The role of Probiotics in allergic diseases (original) (raw)
Abstract
Allergic disorders are very common in the pediatric age group. While the exact etiology is unclear, evidence is mounting to incriminate environmental factors and an aberrant gut microbiota with a shift of the Th1/Th2 balance towards a Th2 response. Probiotics have been shown to modulate the immune system back to a Th1 response. Several in vitro studies suggest a role for probiotics in treating allergic disorders. Human trials demonstrate a limited benefit for the use of probiotics in atopic dermatitis in a preventive as well as a therapeutic capacity. Data supporting their use in allergic rhinitis are less robust. Currently, there is no role for probiotic therapy in the treatment of bronchial asthma. Future studies will be critical in determining the exact role of probiotics in allergic disorders.
Introduction
Currently, an estimated 20% of the population worldwide is suffering from some form of allergic disorder with a prevalence that continues to rise [1]. For example, the prevalence of childhood asthma in the USA increased by 50% from 1980 to 2000 [2]. Atopic diseases involve Th2 responses to allergens [3]. These clinical disorders are characterized by immediate hypersensitivity.

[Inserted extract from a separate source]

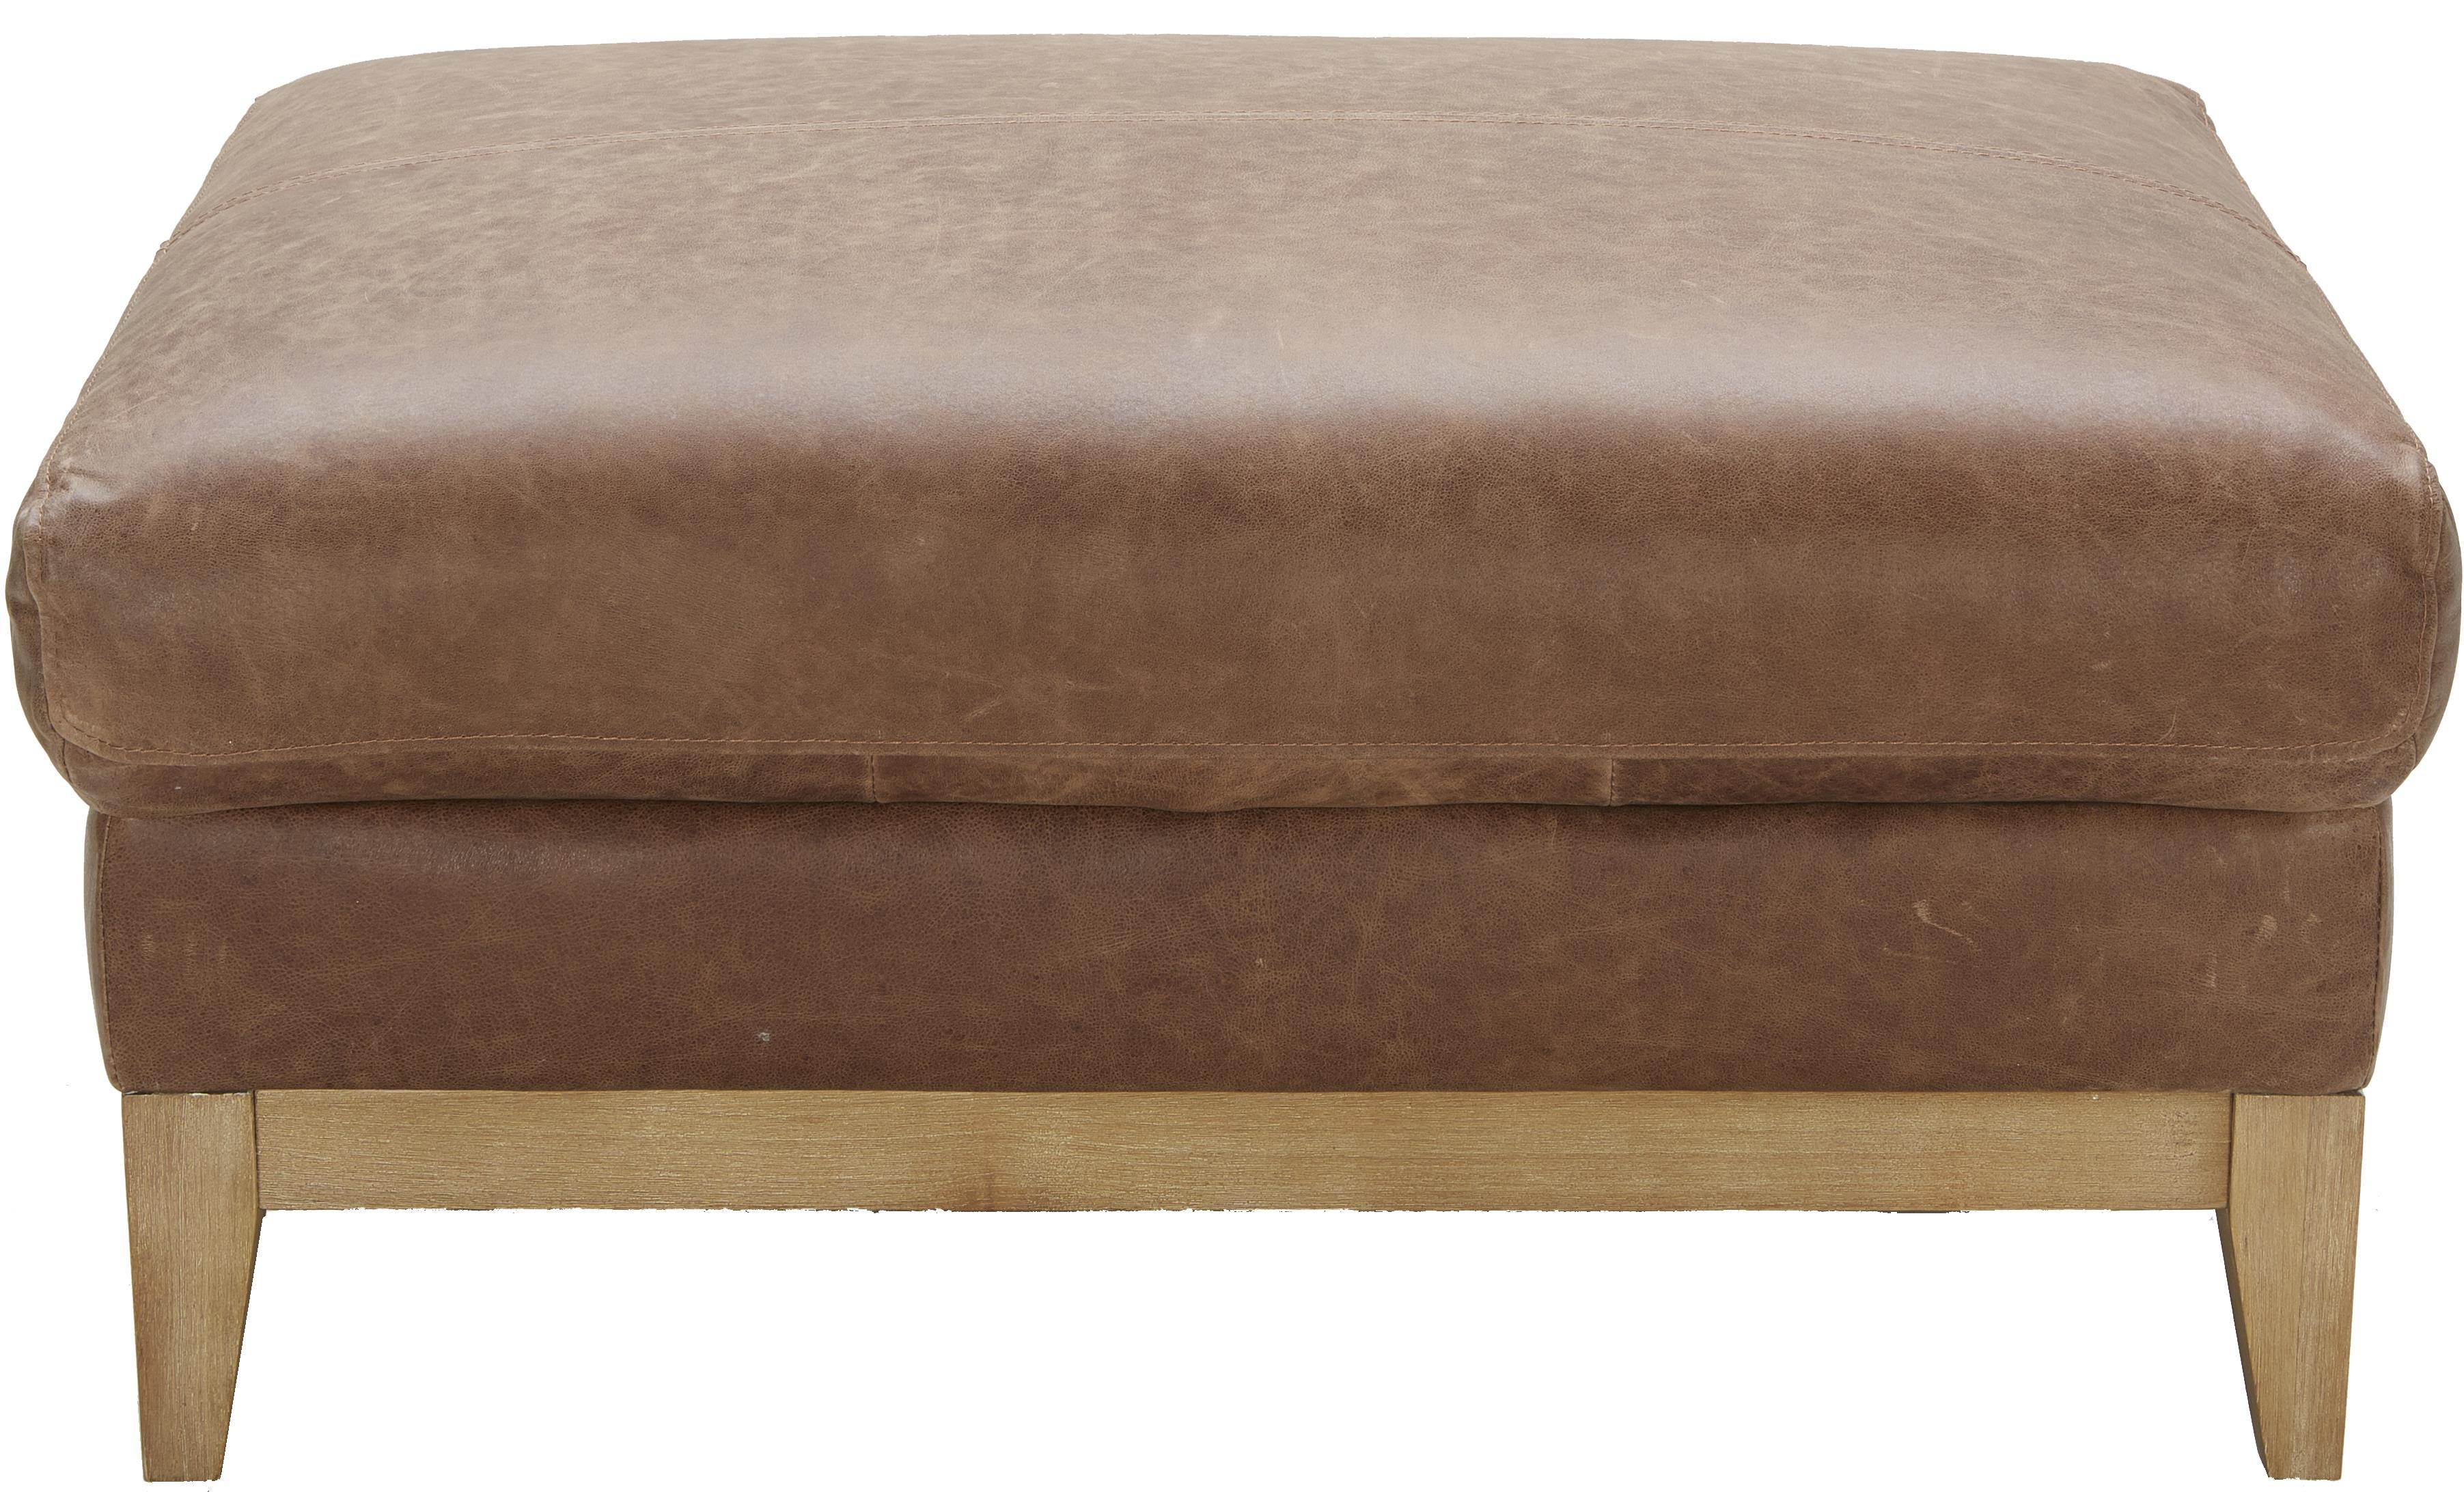 Urban Evolution Baker Modern Leather Ottoman - Item Number: 5179O-NL9303-G021

Although the exact etiology of allergic diseases remains ambiguous, many investigators have proposed that environmental exposures may be major trigger factors in the development of allergic diseases. As the rise in prevalence of allergic diseases has been seen mostly in industrialized countries, this led investigators to formulate the hygiene hypothesis in an attempt to explain the basis of the disease. This hypothesis entails that reduced family size and childhood infections have lowered our exposure to microbes, which play a crucial role in the maturation of the host immune system during the first years of life[4].
In addition to environmental factors, the intestinal flora may be a contributor to allergic disease due to its substantial effect on mucosal immunity. Allergic responses are thought to arise if there is absence of microbial exposure while the immune system is still developing [5,6]. Exposure to microbial flora early in life allows for a change in the Th1/Th2 balance, favoring a Th1 cell response. Several reports suggest that the make-up of intestinal microflora can be different in individuals with allergic disorders and in those who reside in industrialized countries where the prevalence of allergy is higher [7-9]. For example, children from an industrialized country like Sweden harbor less Lactobacilli and Bifidobacteria (and more Staphylococcus aureus and Clostridia) in their bowels in comparison to children who live in countries like Estonia where allergic disorders are not as common [10-12].
The concept that children with allergic disorder harbor a different profile of microflora has been supported by several other studies [8,13-17]. Perhaps the most convincing of these is the KOALA study, which examined flora of 957 infants in the Netherlands [18]. The study revealed that C. dificile colonization at one month of age was associated with an increased likelihood of eczema, recurrent wheezing, and atopic dermatitis. E. coli colonization was associated with eczema rather than recurrent wheezing or atopic dermatitis. No association with bifidobacteria colonization, B. fragilis or lactobacilli colonization was observed.
While this concept has been validated in several other studies, there are a few reports that do not show a significant difference in microflora composition. A recent study comparing microflora composition of 324 European infants showed no association between food sensitization or atopic dermatitis and the intestinal bacteria [19]. In general, however, most studies suggest that an association exists.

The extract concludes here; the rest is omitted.